You'd never get accurate data for comparison. Skier aptitude, aggressiveness, level of consistency at different lines lengths in varying conditions, and personal drive to reach one or more extra buoys are not quantifiable and as such, the injury data is going to be a crapshoot.
This sport isn't like someone trying their first backflip on a mountain bike on a homemade ramp. There is rarely a single factor in my experience that caused a bad fall. It usually starts when you're a little behind which pretty much happens 99% of passes for me, then you pull a little harder and/or longer to catch up, then you make a little harder turn and maybe get slightly out of control, now you're in a bad pulling position through the wakes and even faster and more out of control into the next buoy but you stick with it....sometimes you catch back up and make the pass, sometimes you just don't make the next buoy, sometimes you realize the gig is up and you stop there, and then sometimes you blow the tail or stuff the tip and get injured.

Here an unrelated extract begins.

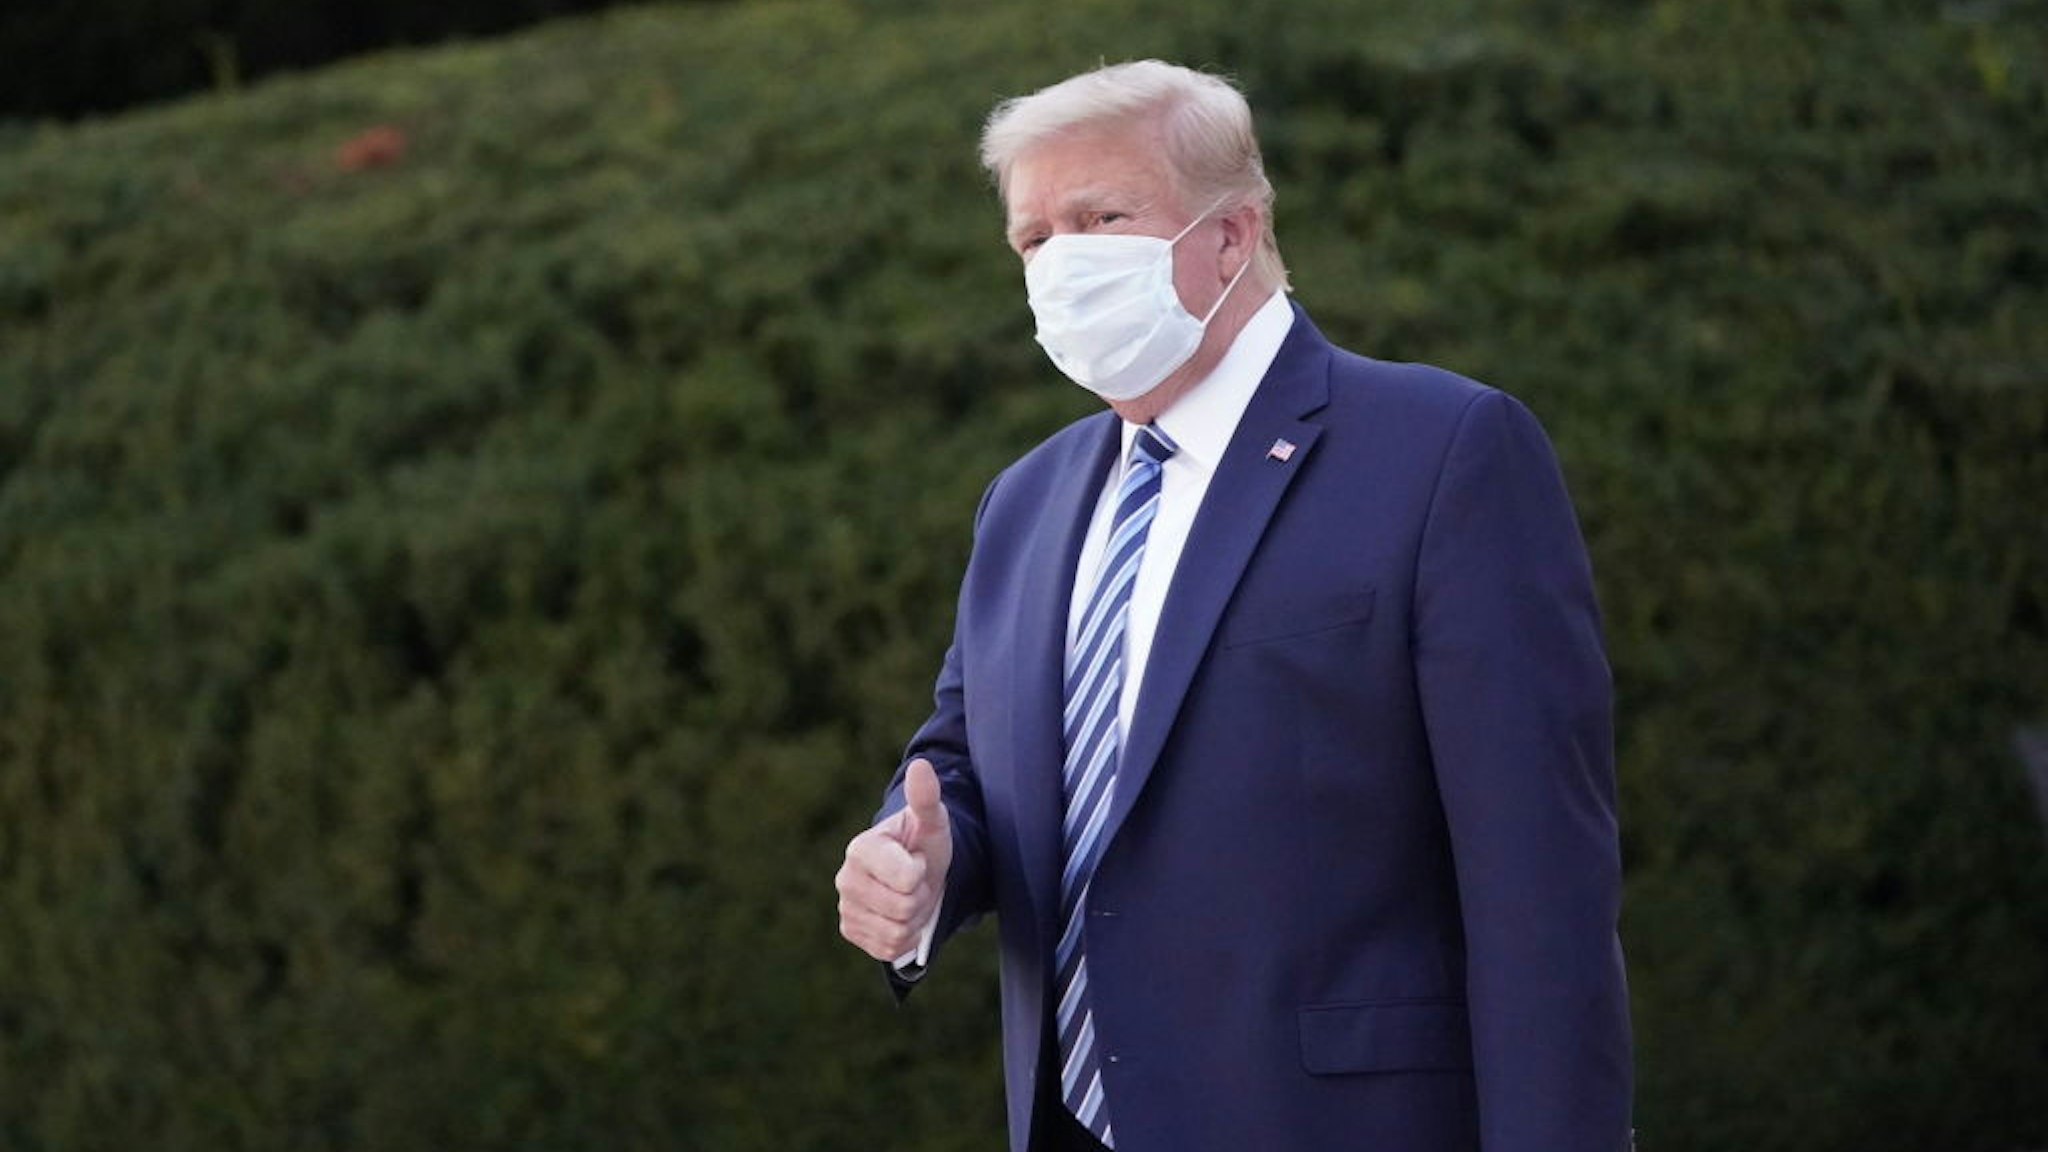 U.S. President Donald Trump gestures outside of Walter Reed National Military Medical Center in Bethesda, Maryland, U.S., on Monday, Oct. 5, 2020.

It takes a lot to write all of that but I'm guessing we've all had tons of passes like this where these decisions are made in a split second. So in that example, is it really the bindings fault you got injured or should you maybe have exercised more caution? IMO a binding is the absolute last line of defense so if you're not setting it up right or think it's going to protect you every time, your chances of injury are going to be a lot higher.